Supplied data >>
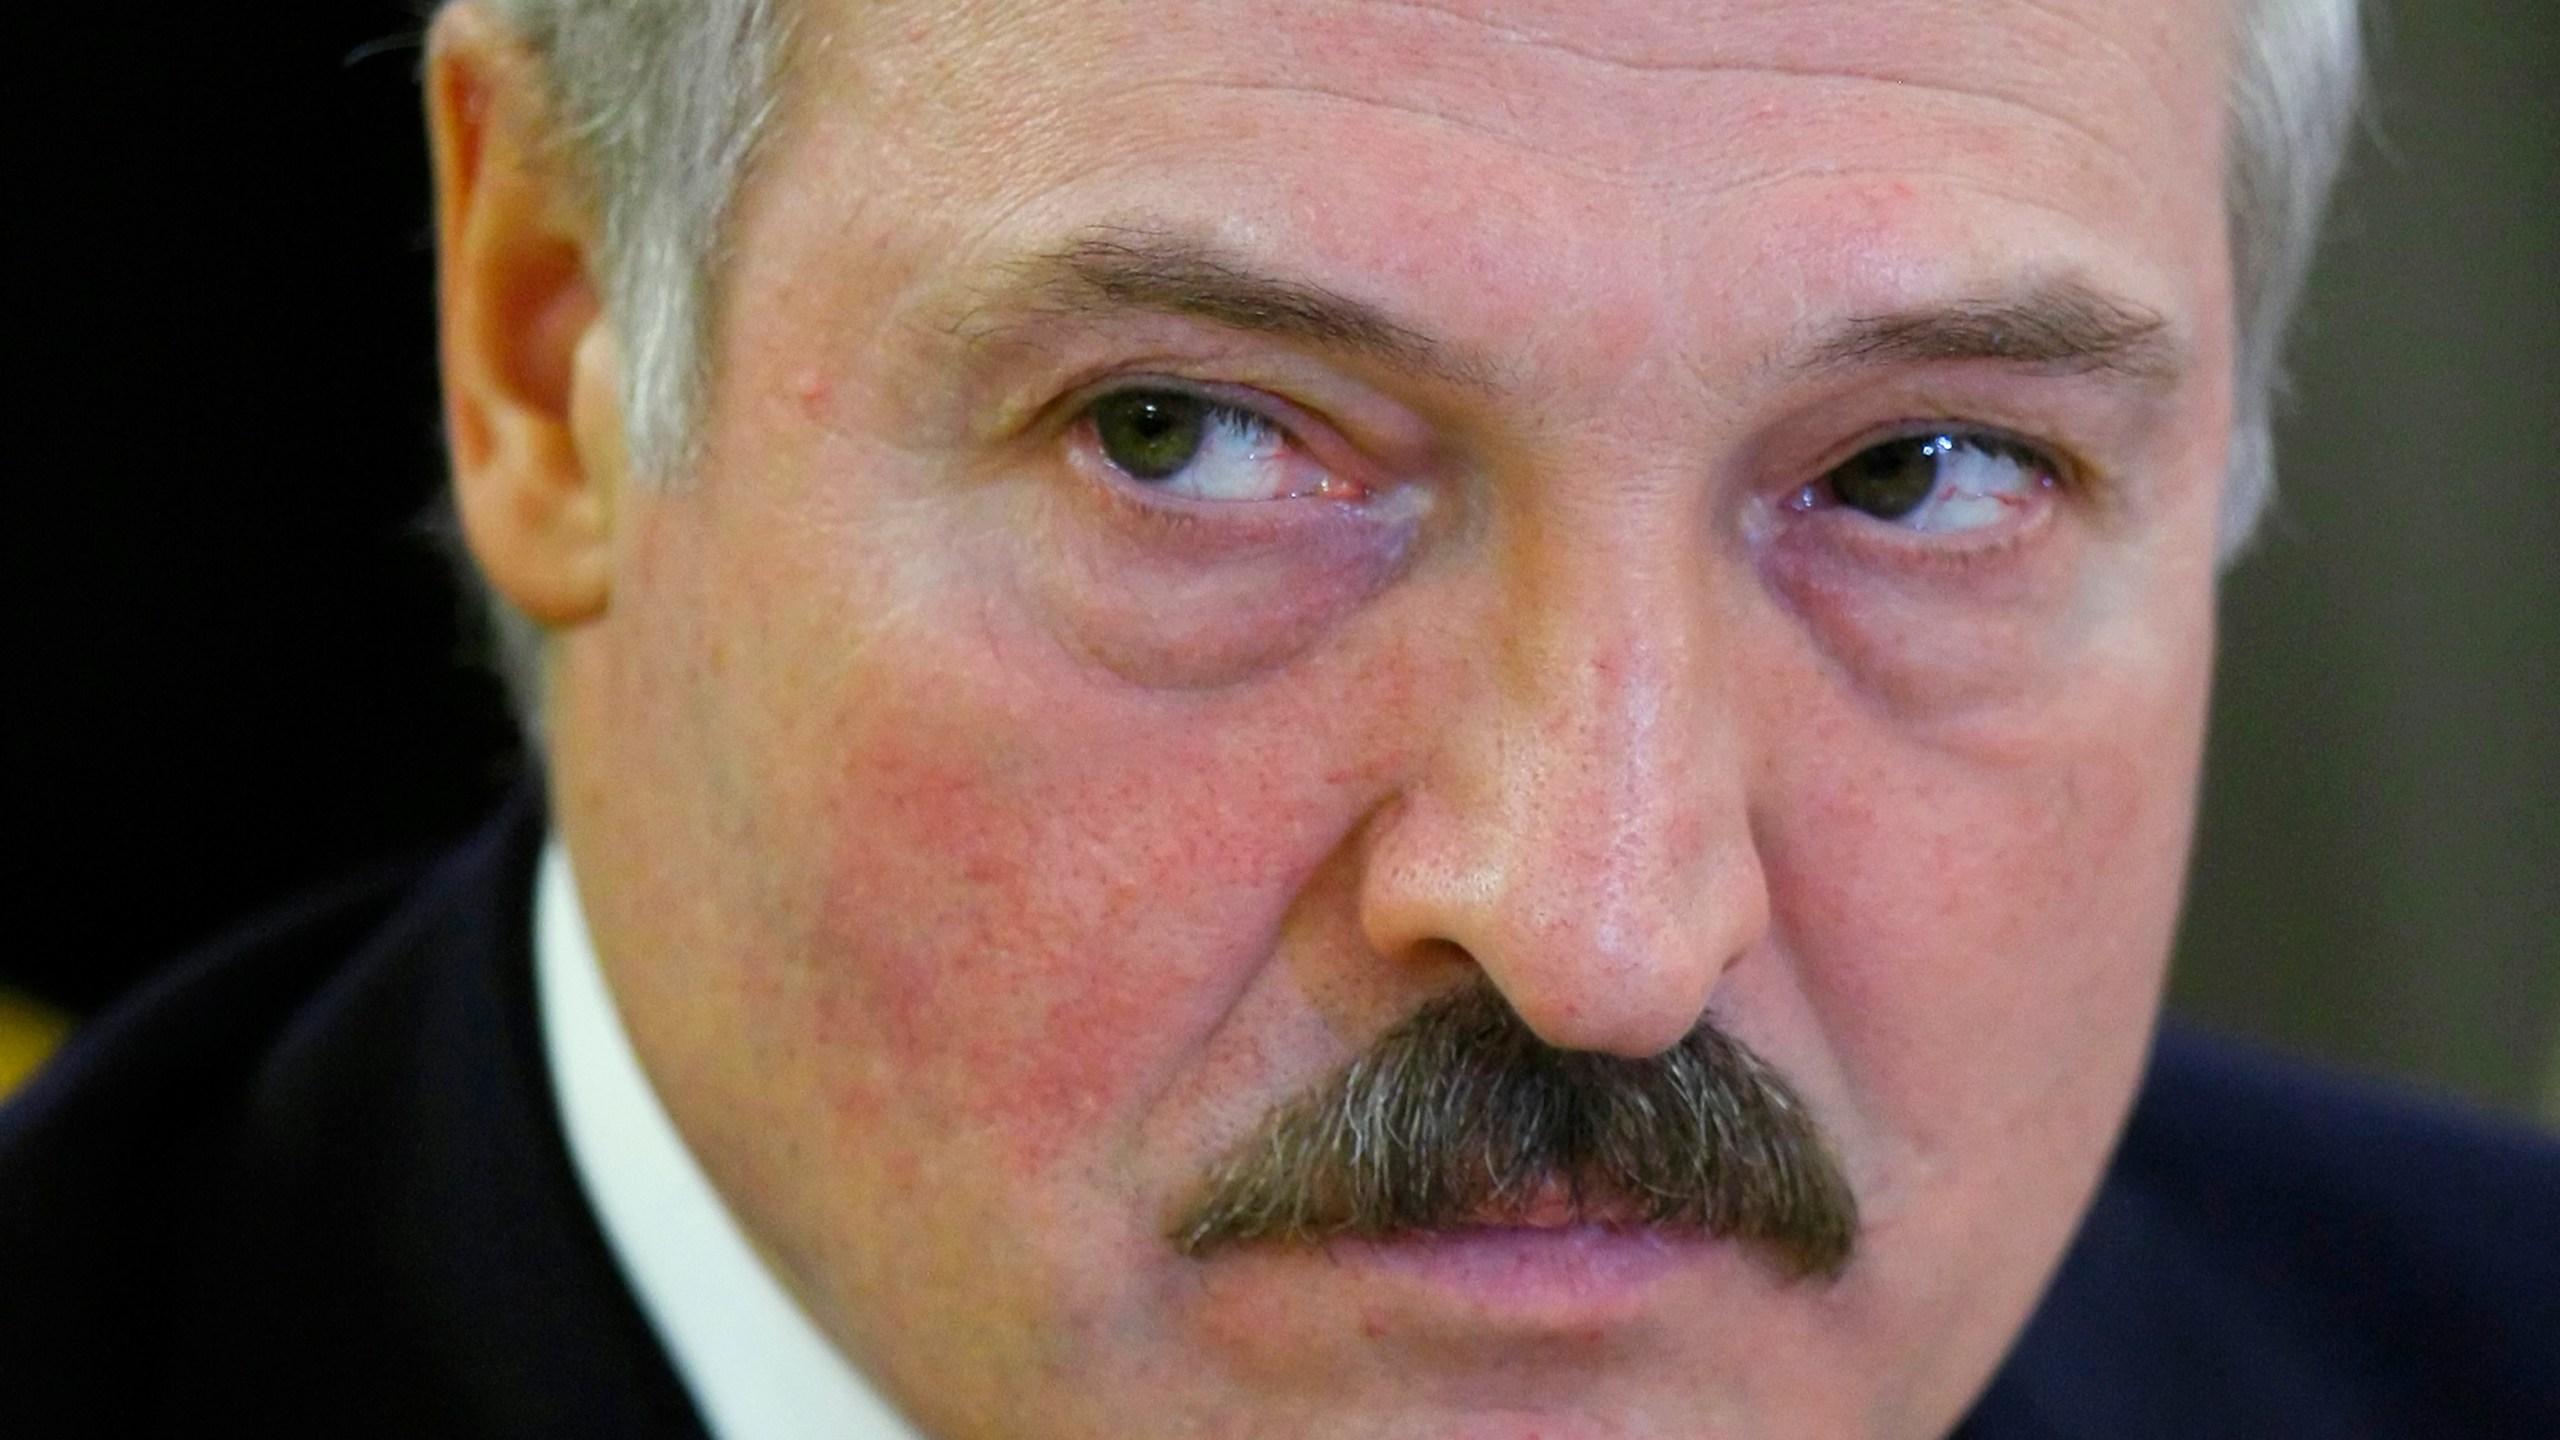 Alexender Lukashenko
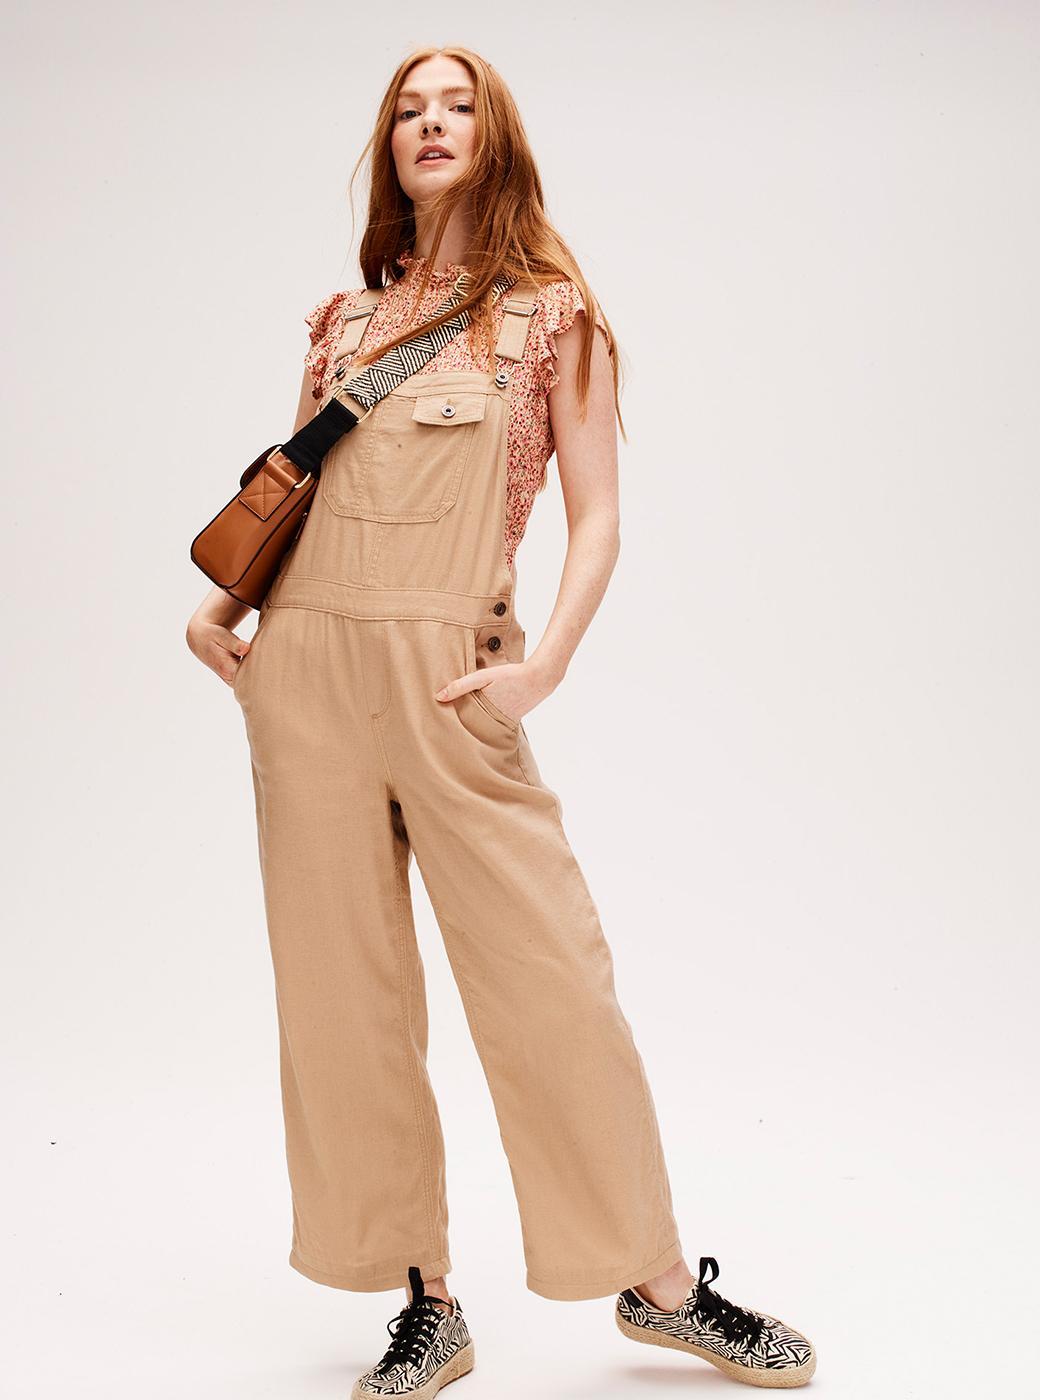 Women's Clothing   Women's Fashion Online   Argos
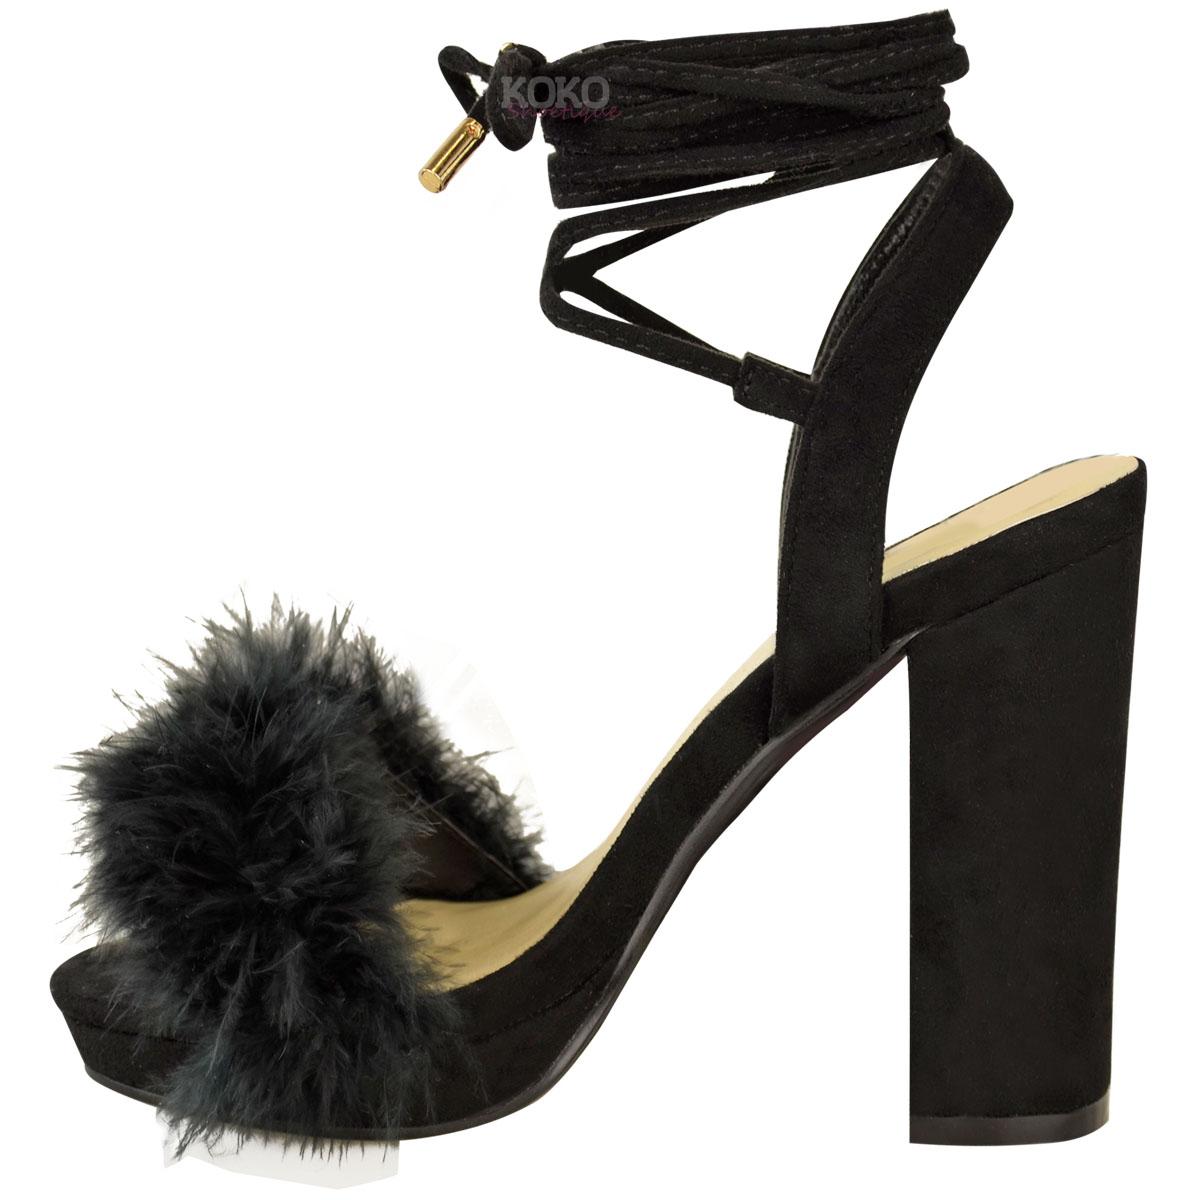 faa8c171c94 Womens Ladies Block High Heel Sandals Ankle Tie Up Fur Strappy ...

What you need to do >>
Extract, word for word, each line from the one that contains "Women's Fashion Online" through the final line of the data above. Leave the pictures out.

Written answer >>
 Women's Clothing   Women's Fashion Online   Argos
 faa8c171c94 Womens Ladies Block High Heel Sandals Ankle Tie Up Fur Strappy ...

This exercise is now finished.